本帖最后由 雨荷风 于 2015-10-8 03:50 编辑
Reunion
by Dana Gioia
This is my past where no one knows me.
These are my friends whom I can’t name—
Here in a field where no one chose me,
The faces older, the voices the same.
Why does this stranger rise to greet me?
What is the joke that makes him smile,
As he calls the children together to meet me,
Bringing them forward in single file?
I nod pretending to recognize them,
Not knowing exactly what I should say.
Why does my presence seem to surprise them?

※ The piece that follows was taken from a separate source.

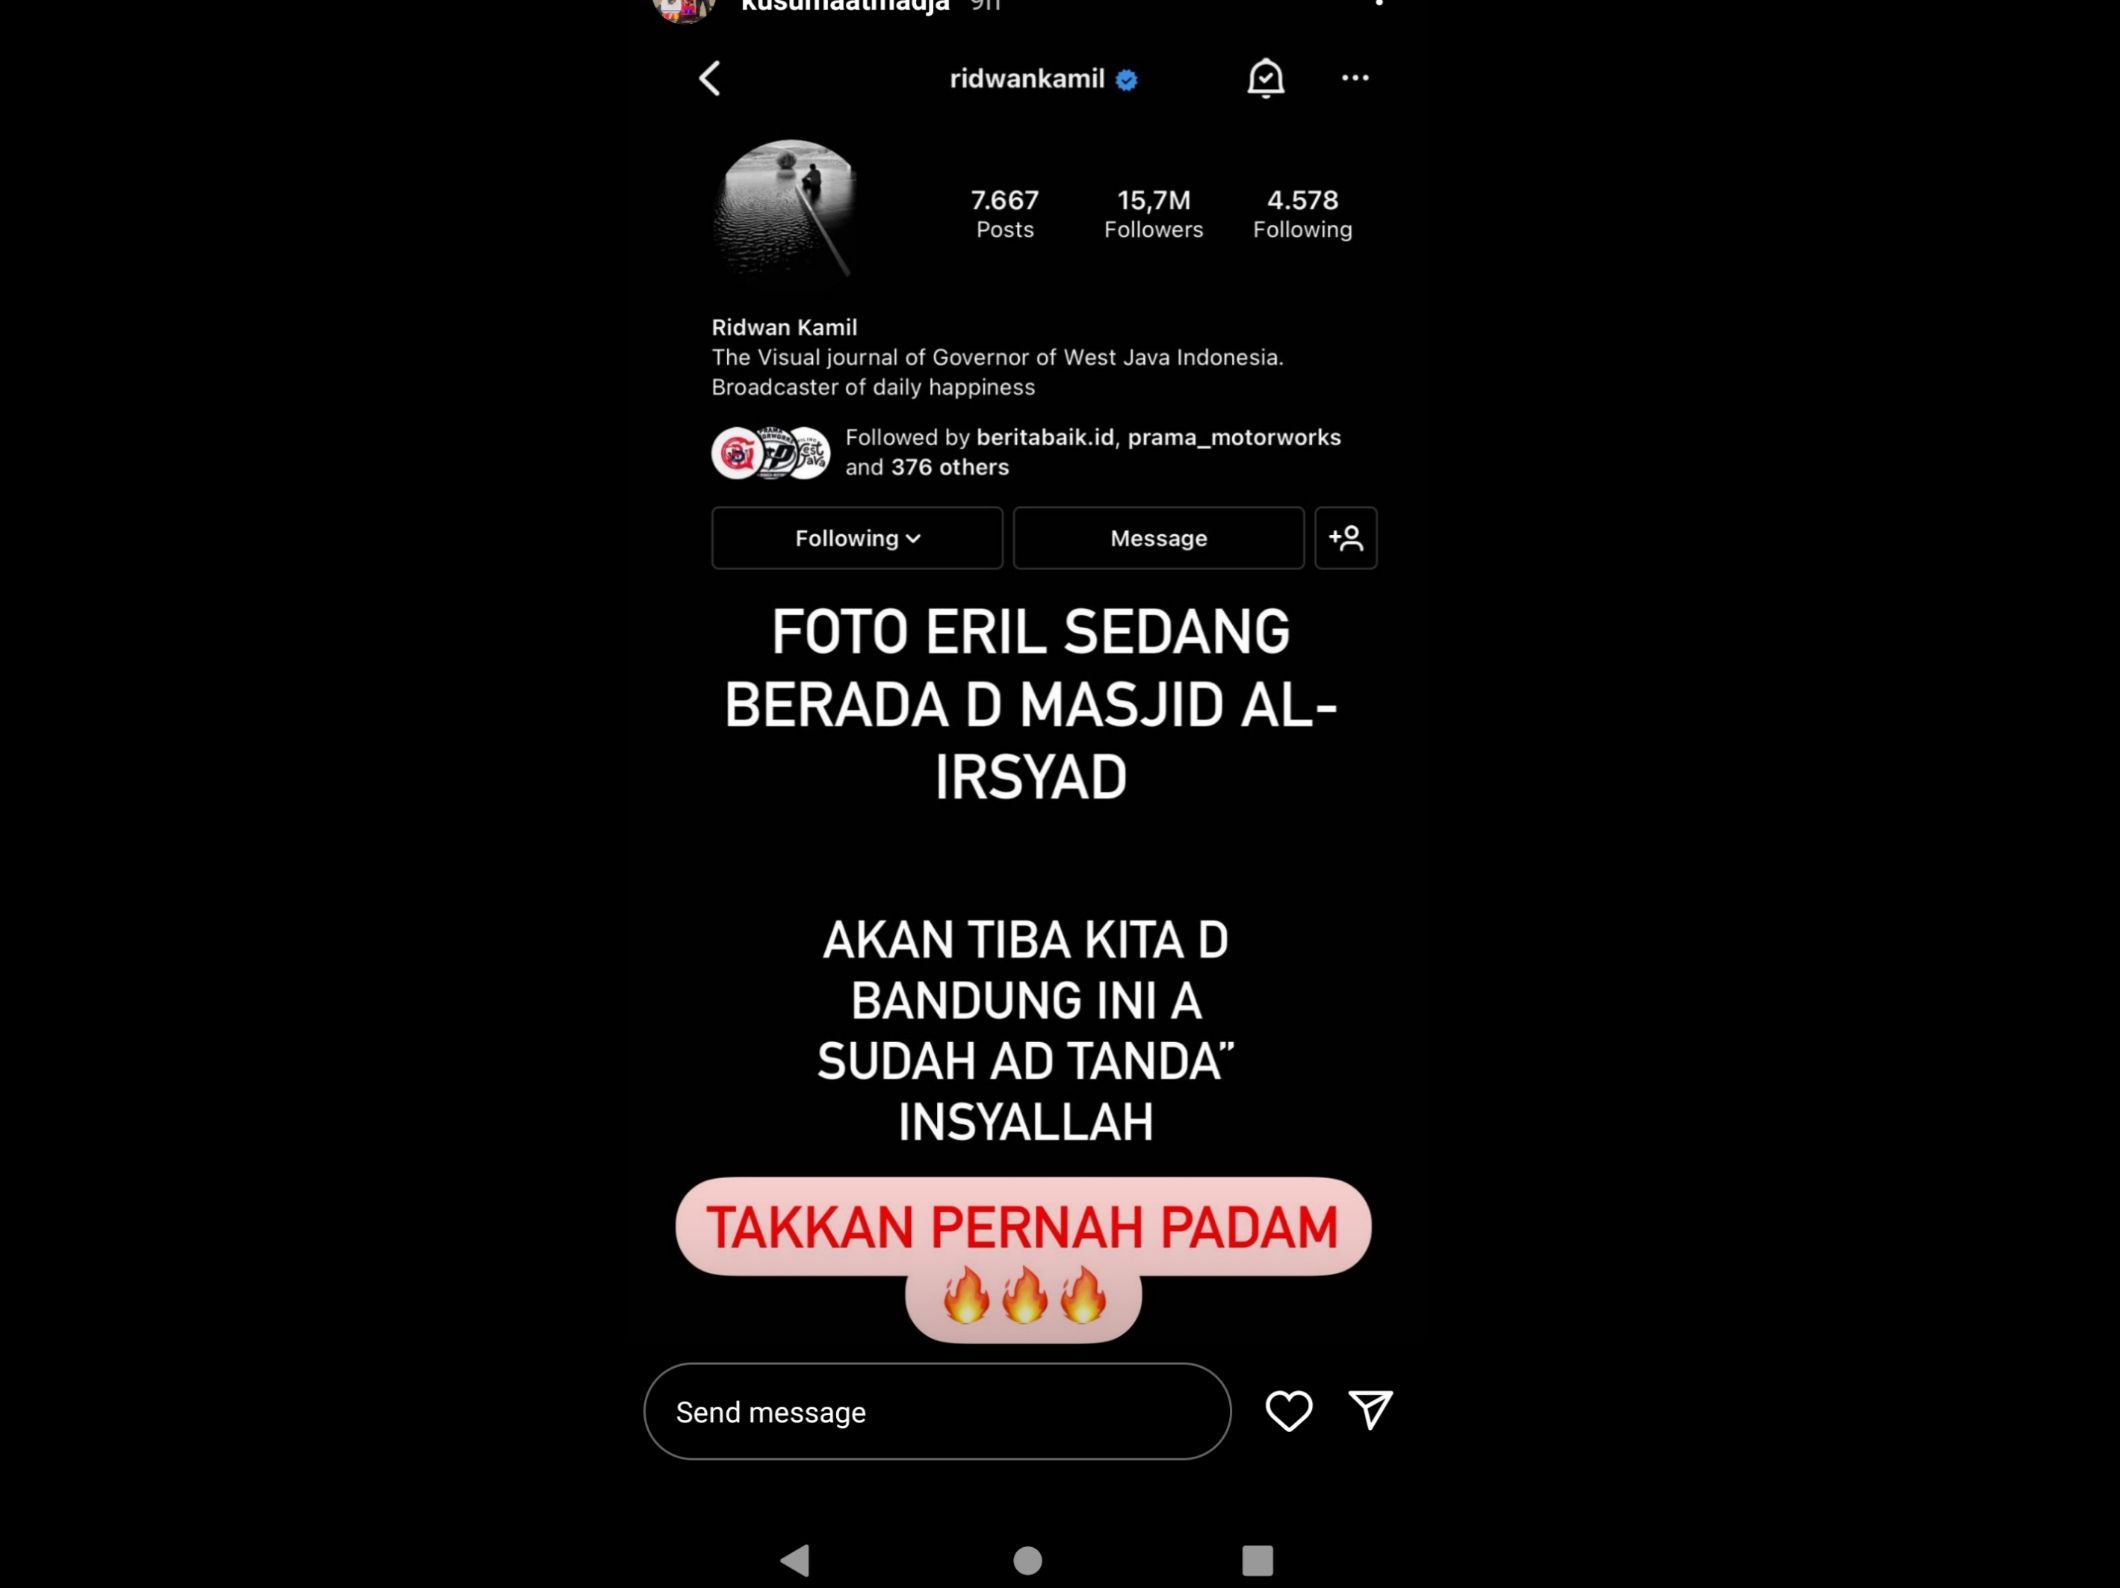 Unggahan kerabat Ridwan Kamil di Instagram.
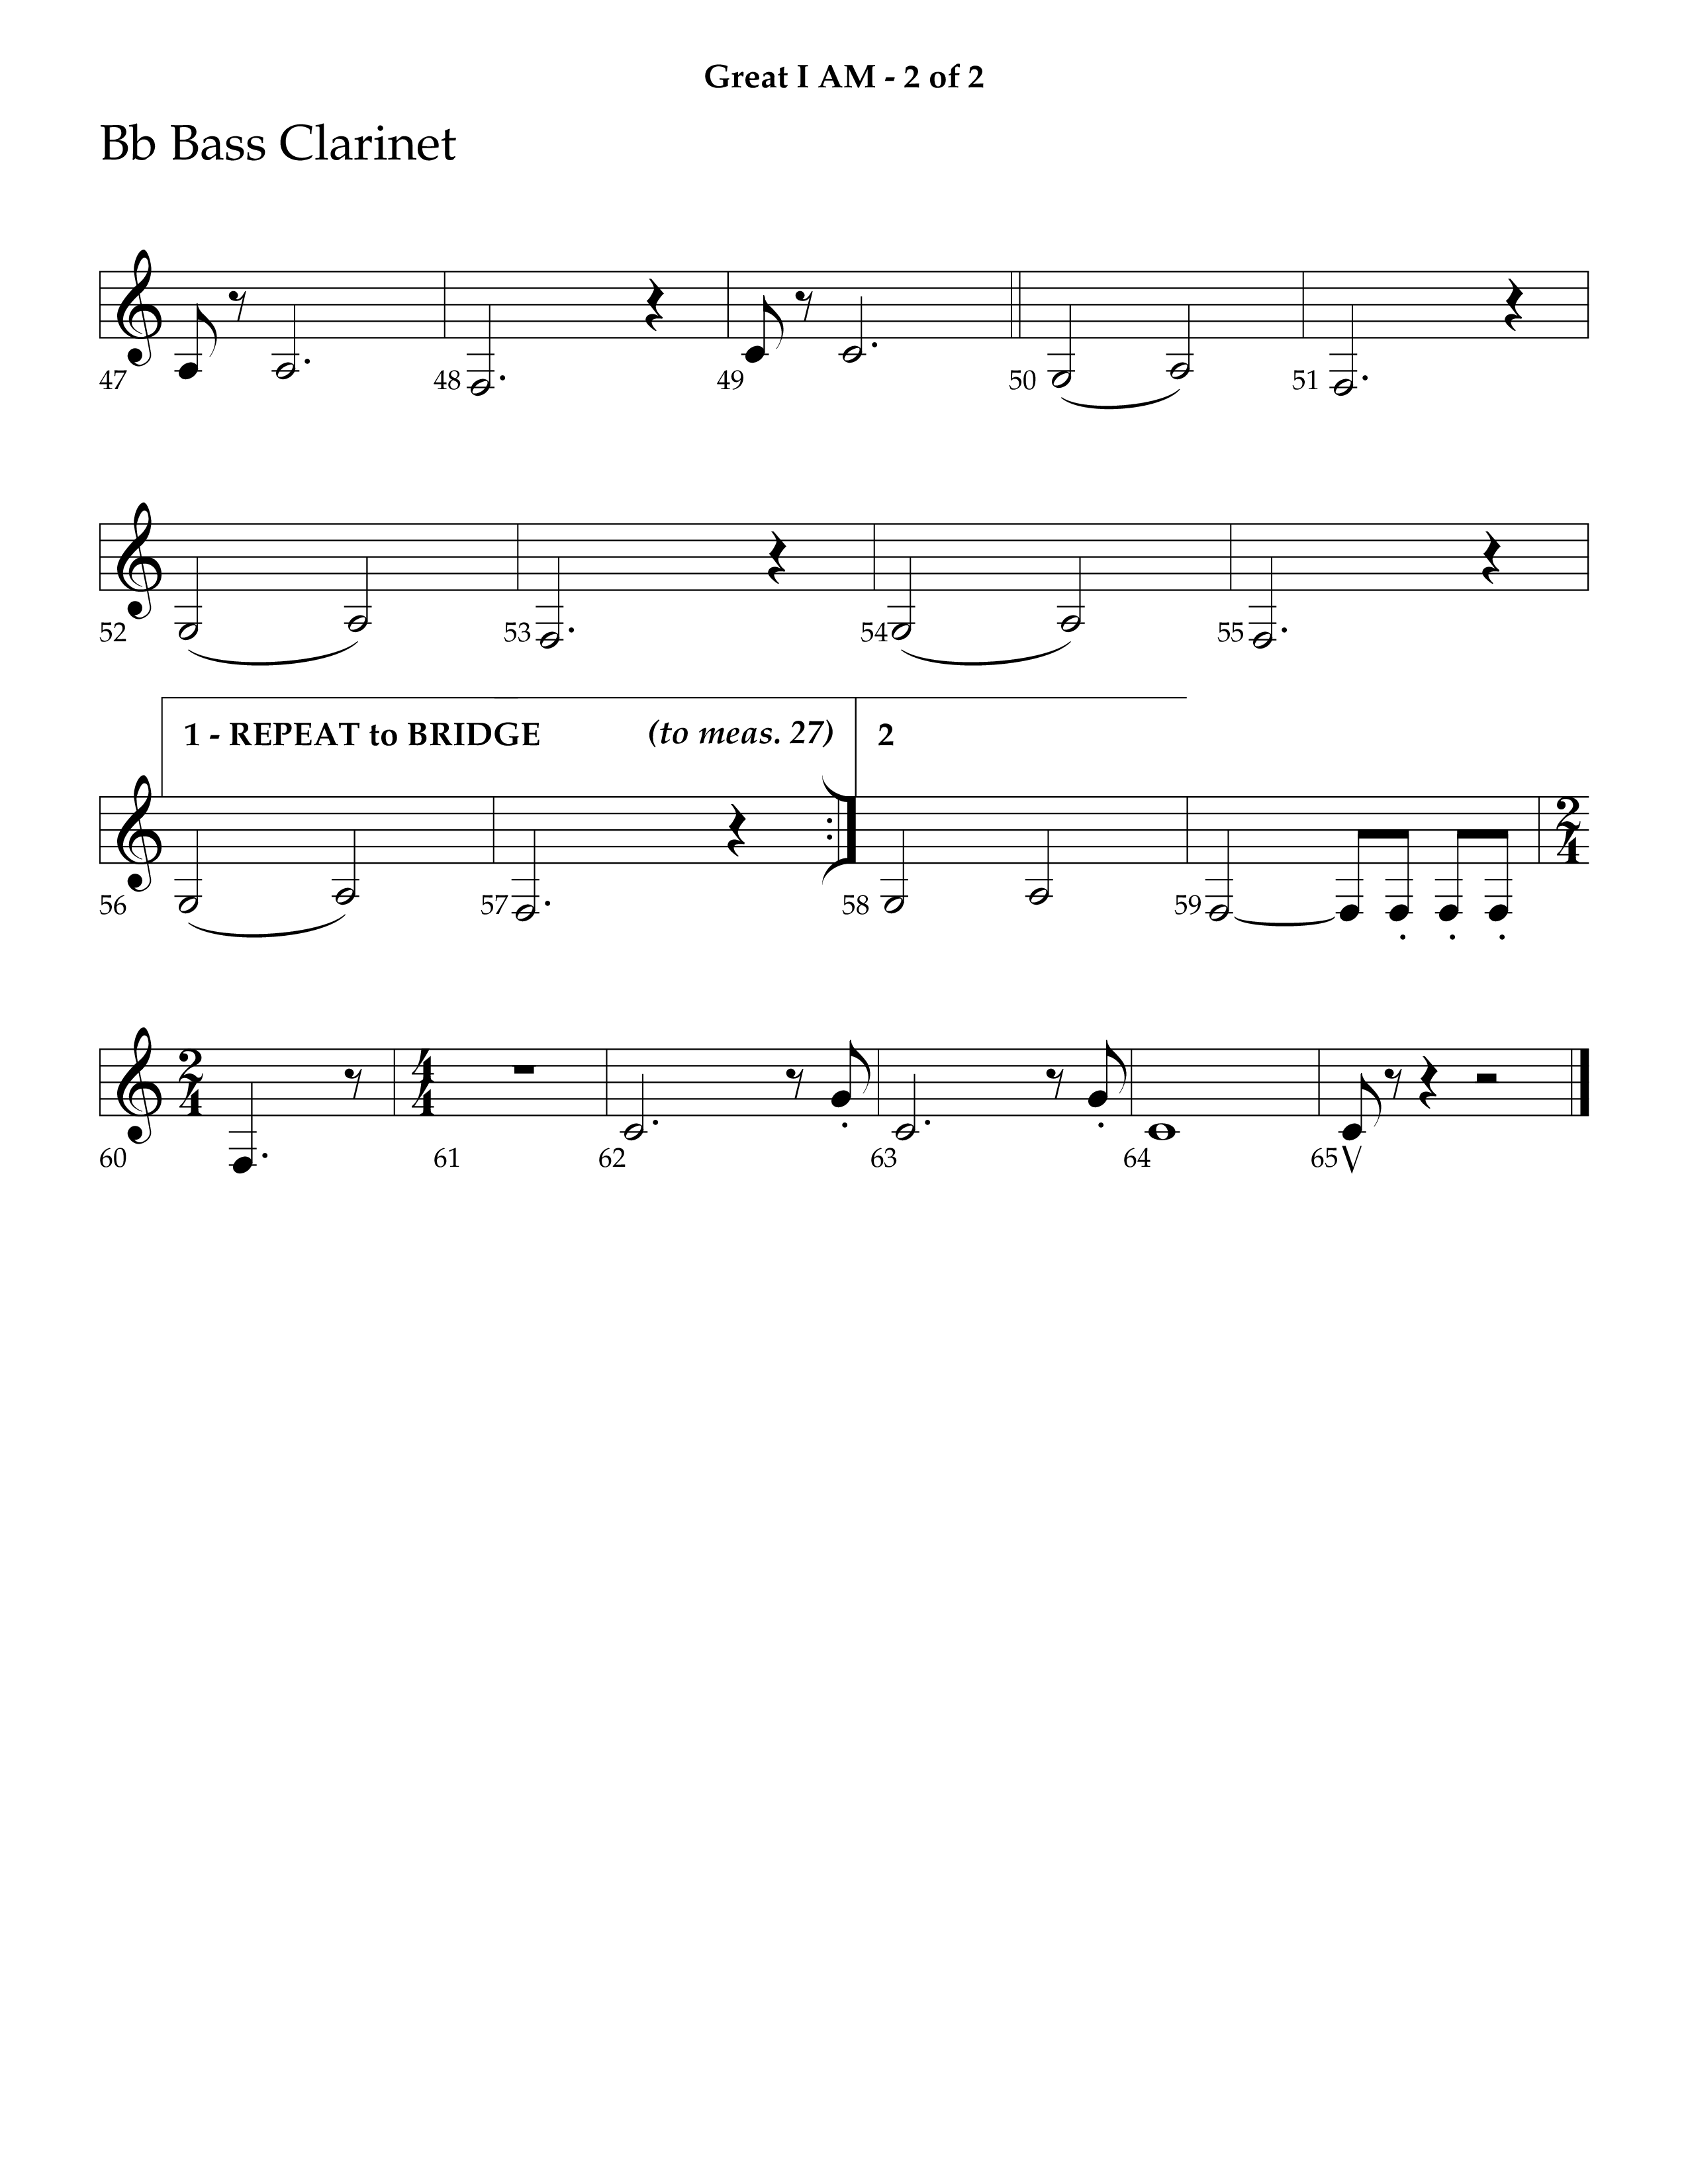 Great I Am (Choral Anthem SATB) Bass Clarinet (Lifeway Choral / Arr. Ken Barker / Orch. Dave Williamson)

Who is the woman who turns away?
Is this my home or an illusion?
The bread on the table smells achingly real.
Must I at last solve my confusion,
Or is confusion all I can feel?
重归故地
[美]戴纳·乔亚
这是我的故地,没有人知道我的具细
这是我的朋友,我已叫不出他们的名字――
在这里,在一片田野,没有人把我留意
那些容颜已老,可声音还是那些声音
为什么这陌生人起身相迎
是什么笑话让他满面春风
当他招呼孩子们让我认识
已提前让他们站好一字队形
我点头假装认出了他们
这一切真不知道该从何说起
为什么我的出现似乎让他们感到惊奇
转身走开的那个女子,她又是何人
这到底是我的家园,还是一场幻觉
桌子上的面包,真实得让人揪心
我是否最终一定要解开这场迷惑
还是只有迷惑,才是我的全部探寻
(唐凯 译)
2010-9-4 大庆
原文选自 poetry foundation 诗歌月刊 2010年第9期
【作者简介】
Dana Gioia was born in Los Angeles in 1950. He received a B.A. from Stanford University. Before returning to Stanford to earn an M.B.A., he completed an M.A. in Comparative Literature at Harvard University where he studied with the poets Robert Fitzgerald and Elizabeth Bishop. In 1977 he moved to New York to begin a career in business. For fifteen years Gioia worked as a businessman, eventually becoming a Vice President of General Foods. In 1992 he left business to become a full-time writer.
Gioia is the author of Interrogations at Noon (Graywolf, 2001), winner of the American Book Award; The Gods of Winter (1991); and Daily Horoscope (1986). His critical collection, Can Poetry Matter?: Essays on Poetry and American Culture (Graywolf, 1992), was a finalist for the National Book Critics Award in Criticism. He has also written an opera libretto, Nosferatu, translated Eugenio Montale's Mottetti, co-edited two anthologies of Italian poetry and, with X.J. Kennedy, four of the nation's best-selling college literature textbooks. His poems, translations, essays, and reviews have appeared in many magazines including The New Yorker, The Atlantic, The Washington Post Book World, The New York Times Book Review, The Nation, Slate, and The Hudson Review. He is also a long time literary commentator on American culture and literature for BBC Radio.
Gioia has co-founded two major literary conferences. In 1995 he helped create the West Chester University summer conference on Form and Narrative, which is now the largest annual poetry-writing conference in the U.S. In 2001 he began "Teaching Poetry," a conference in Santa Rosa, California, dedicated to improving high school teaching of poetry. He has also taught as a visiting writer at Colorado College, Johns Hopkins, Sarah Lawrence, Mercer, and Wesleyan University. Gioia is currently serving as chairman of the National Endowment for the Arts. Gioia lives in Sonoma County, California, with his wife and two sons.